• **WHAT YOU SHOULD DO**: Every picture should be left out, but the lines below must be repeated exactly.

• **PROVIDED MATERIAL**:
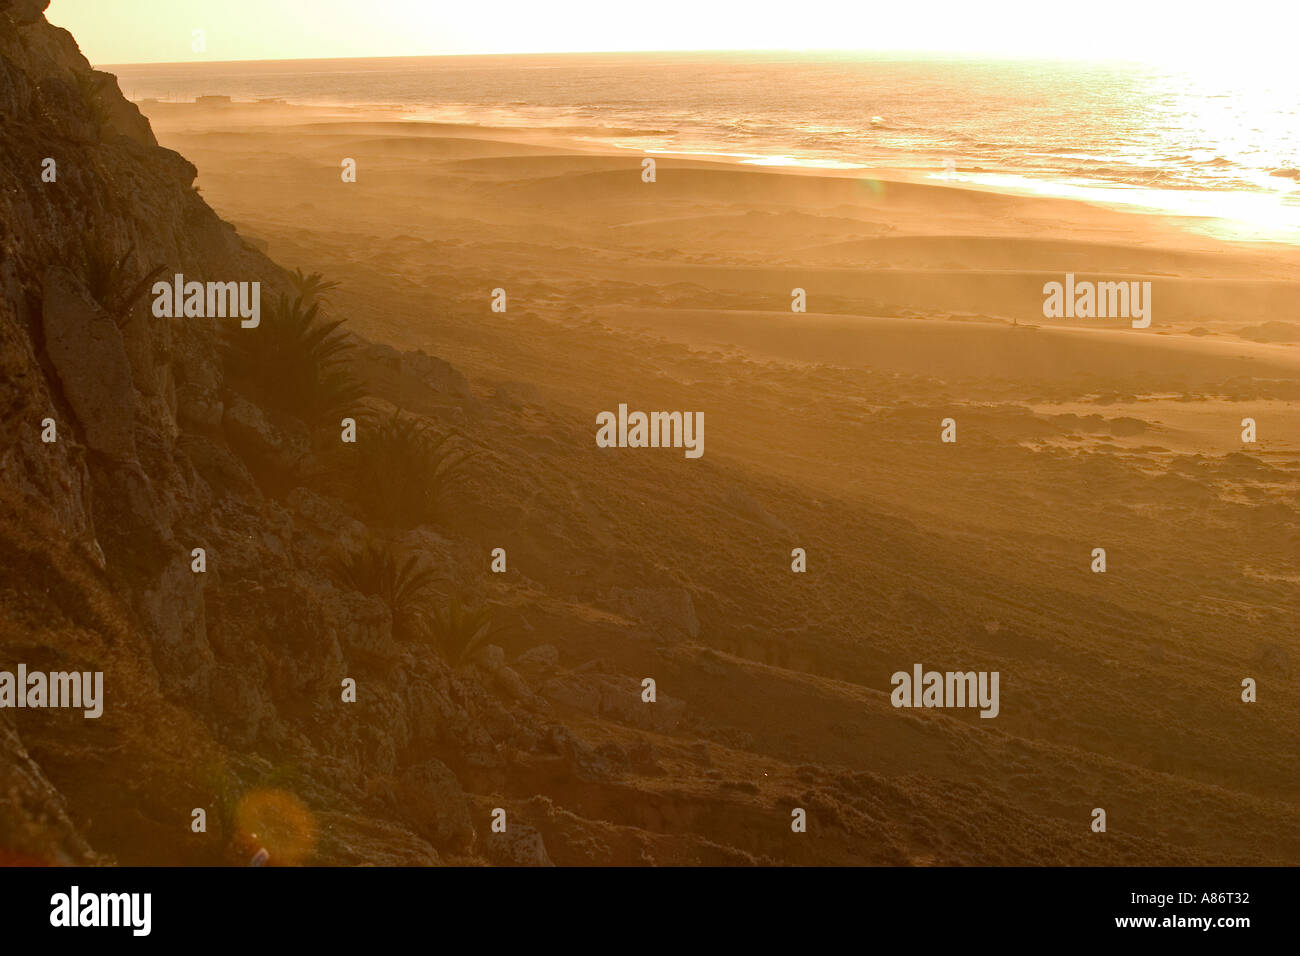 Le soleil se couche sur une plage sur la côte atlantique du Maroc Banque D'Images
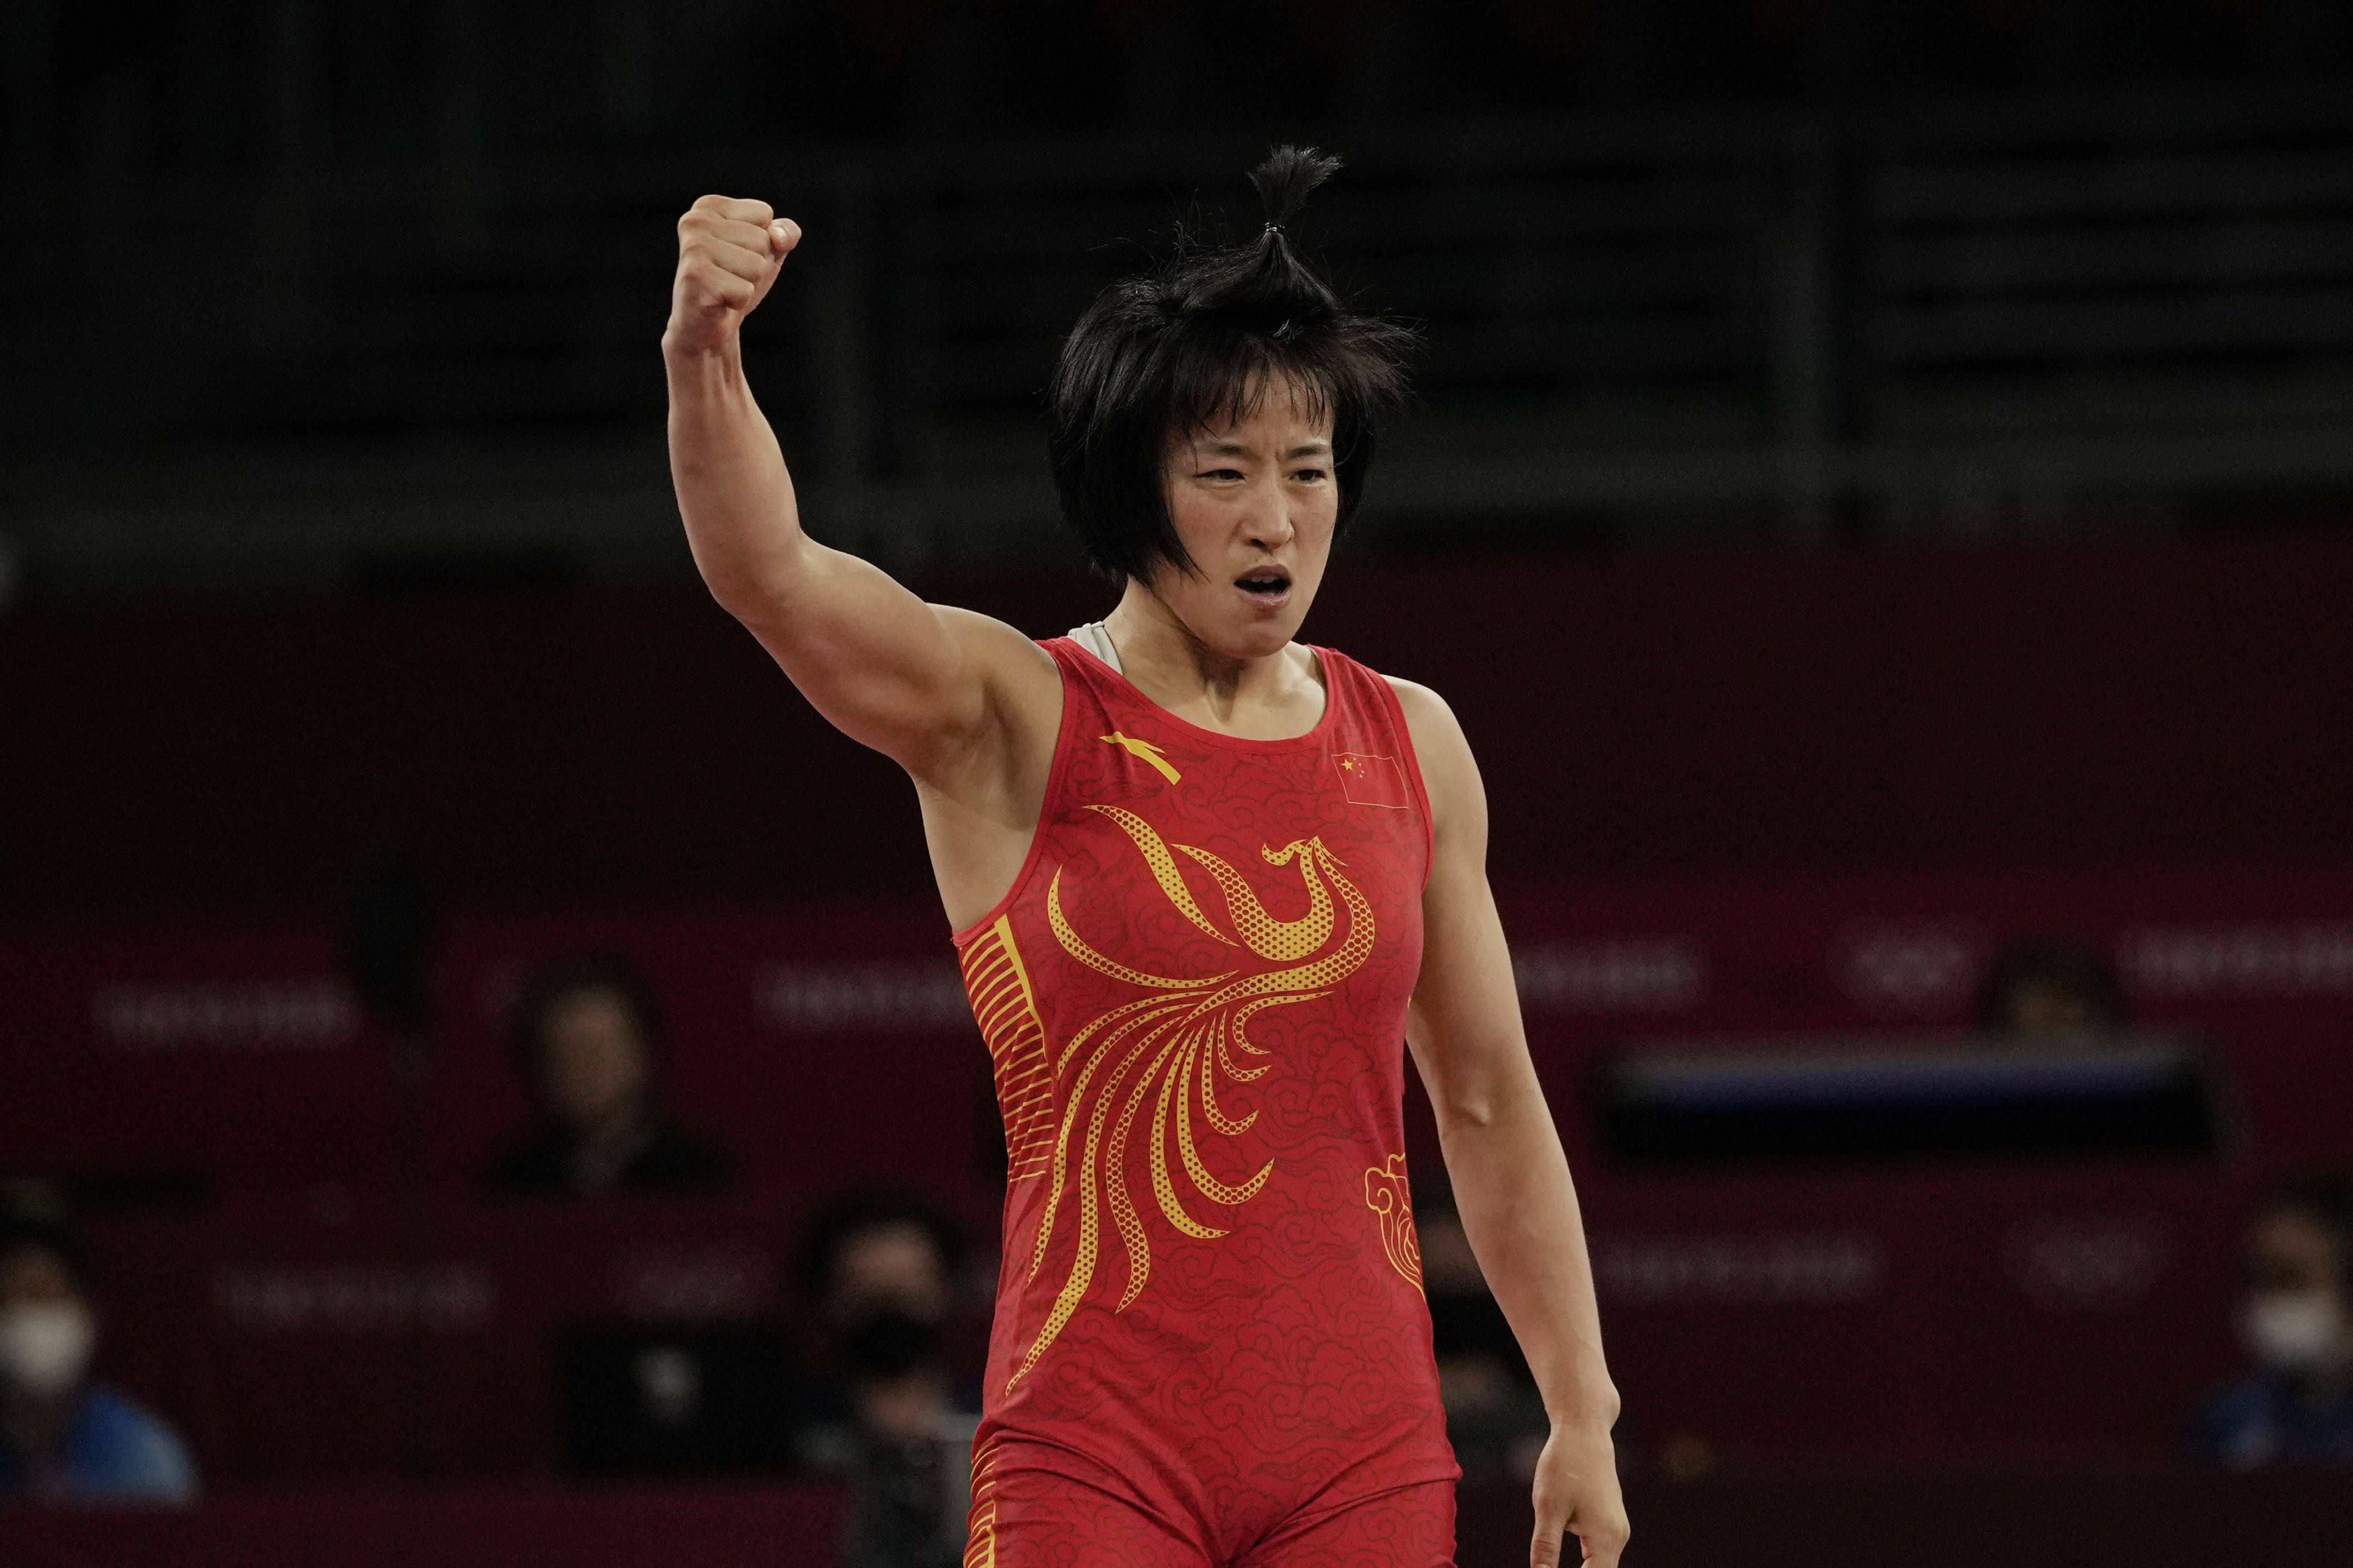 8月6日的女子自由式摔跤50公斤级半决赛中,中国选手孙亚楠就让我们
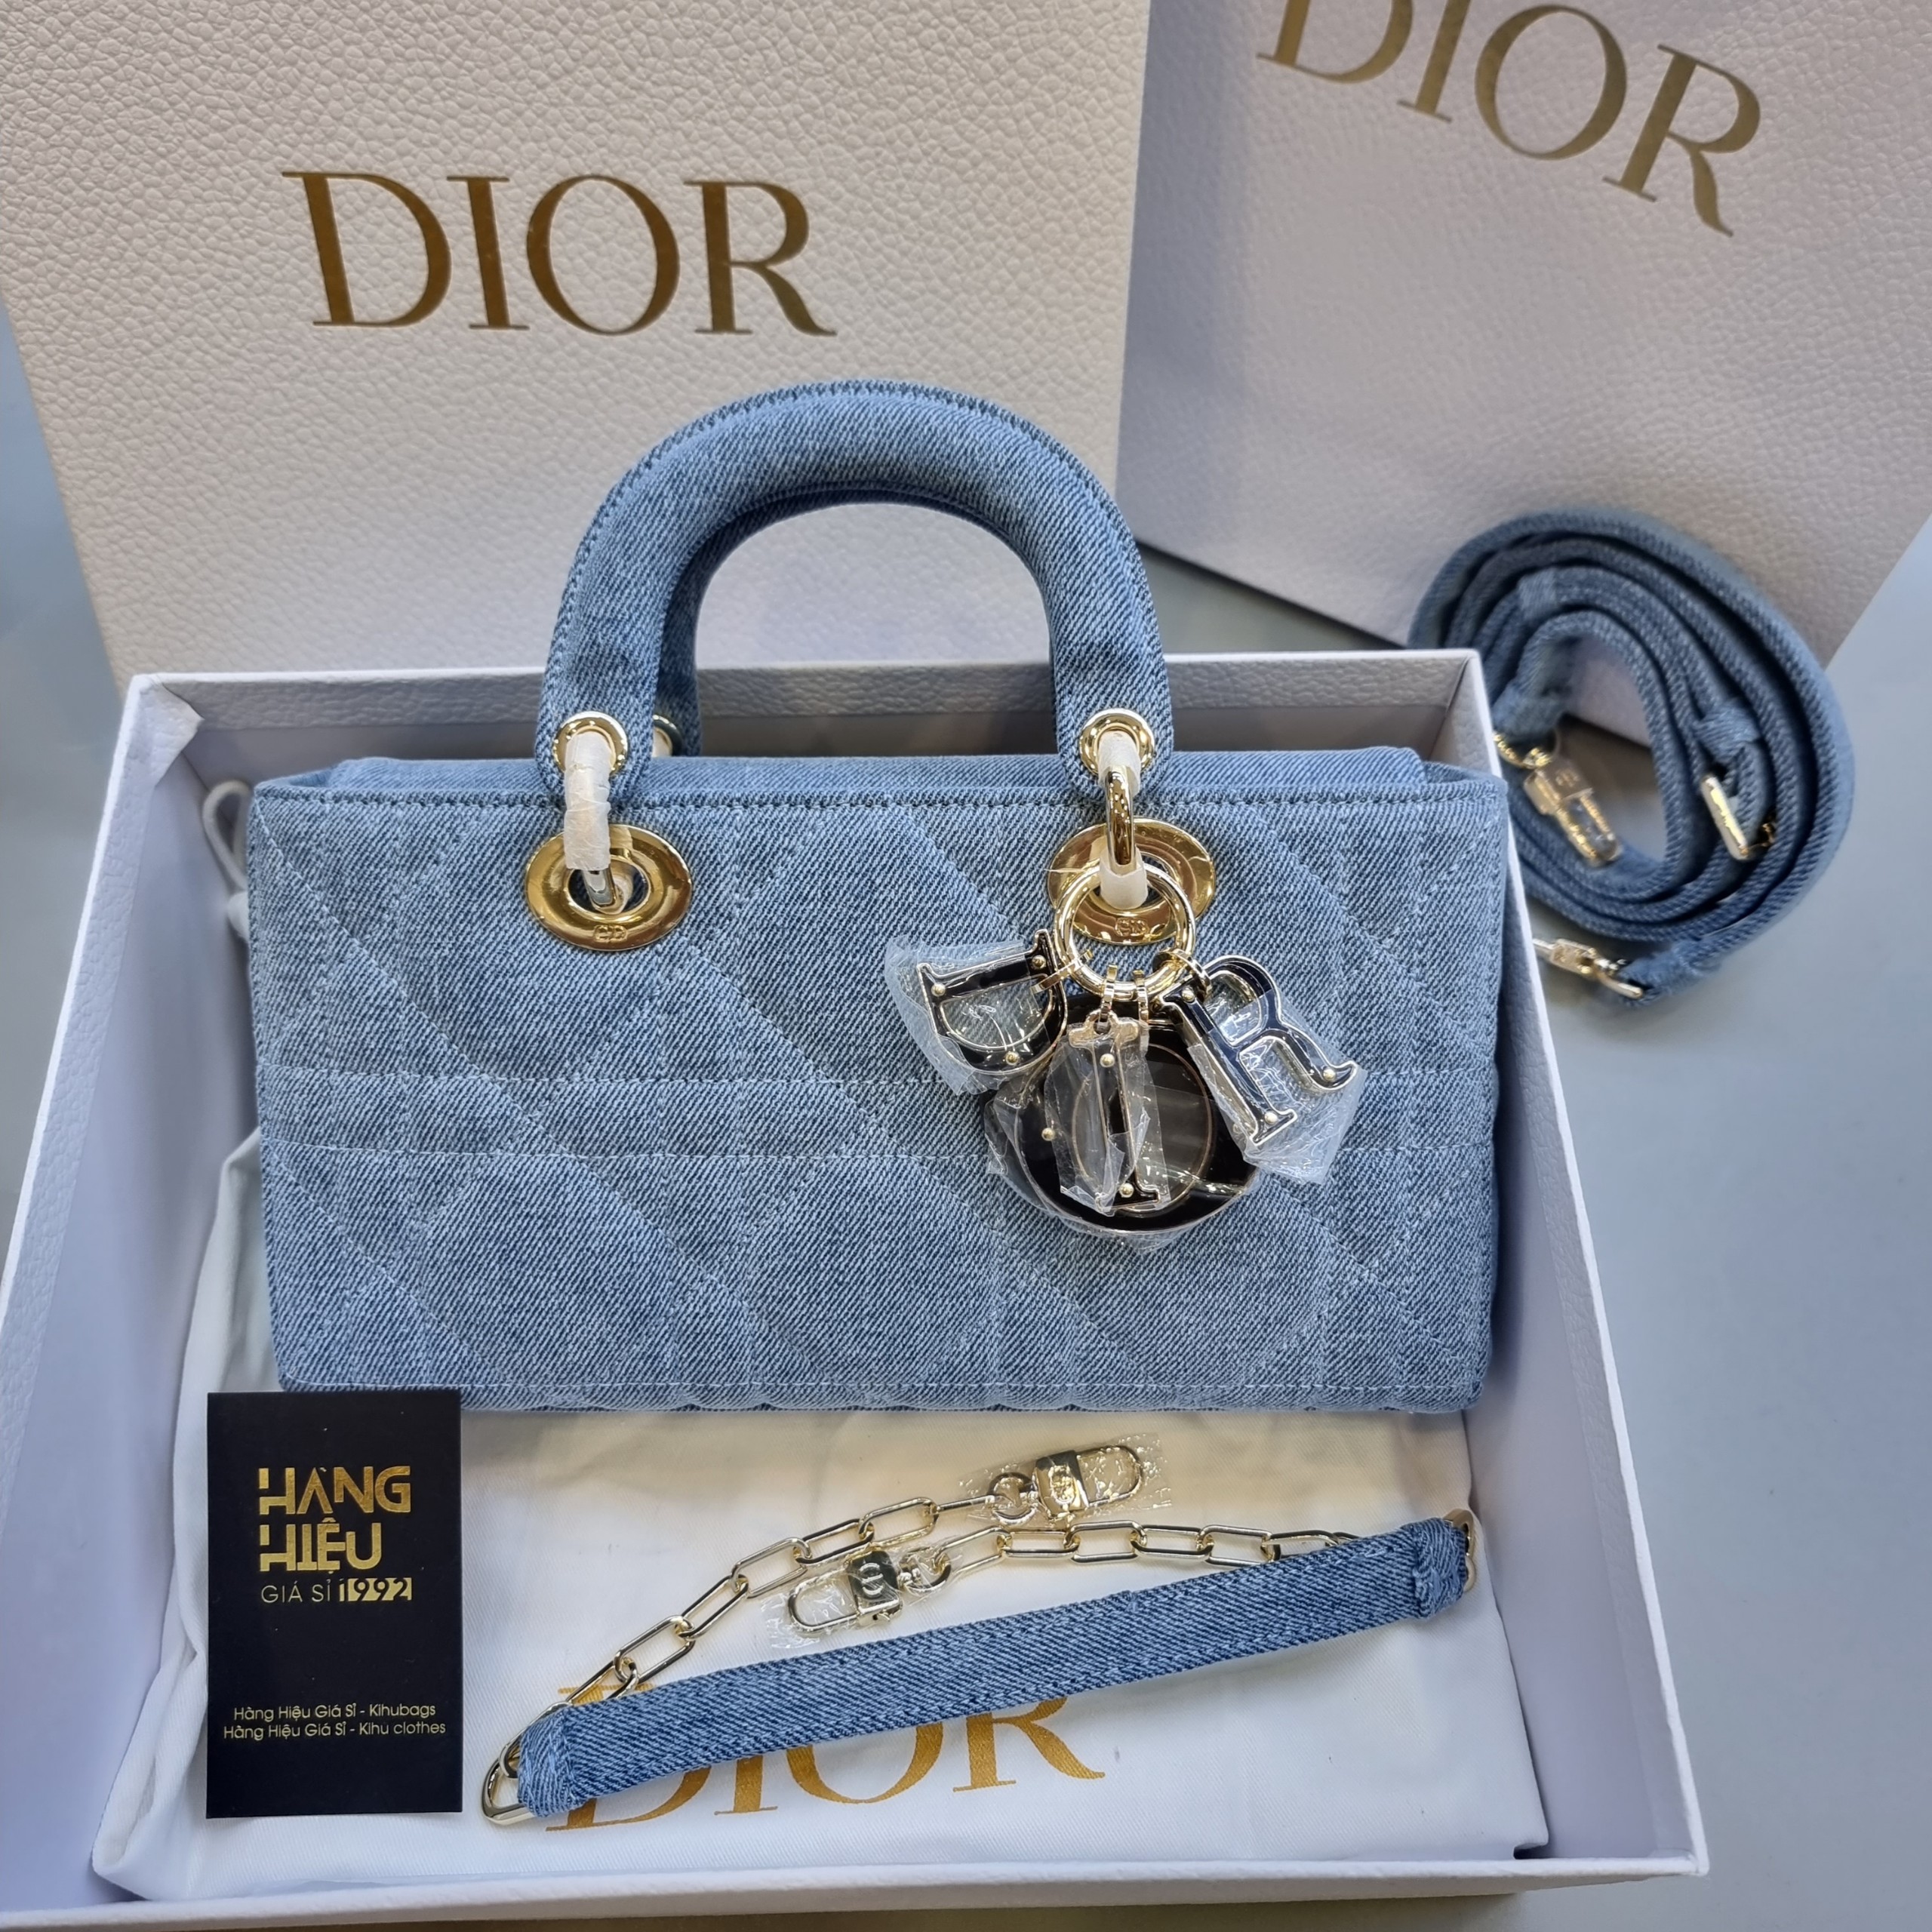 Thiết kế túi xách Lady DJoy kích cỡ micro của Dior dành riêng cho  Smartphone

• **THE COMPLETED TASK**:
 Le soleil se couche sur une plage sur la côte atlantique du Maroc Banque D'Images
 8月6日的女子自由式摔跤50公斤级半决赛中,中国选手孙亚楠就让我们
 Thiết kế túi xách Lady DJoy kích cỡ micro của Dior dành riêng cho  Smartphone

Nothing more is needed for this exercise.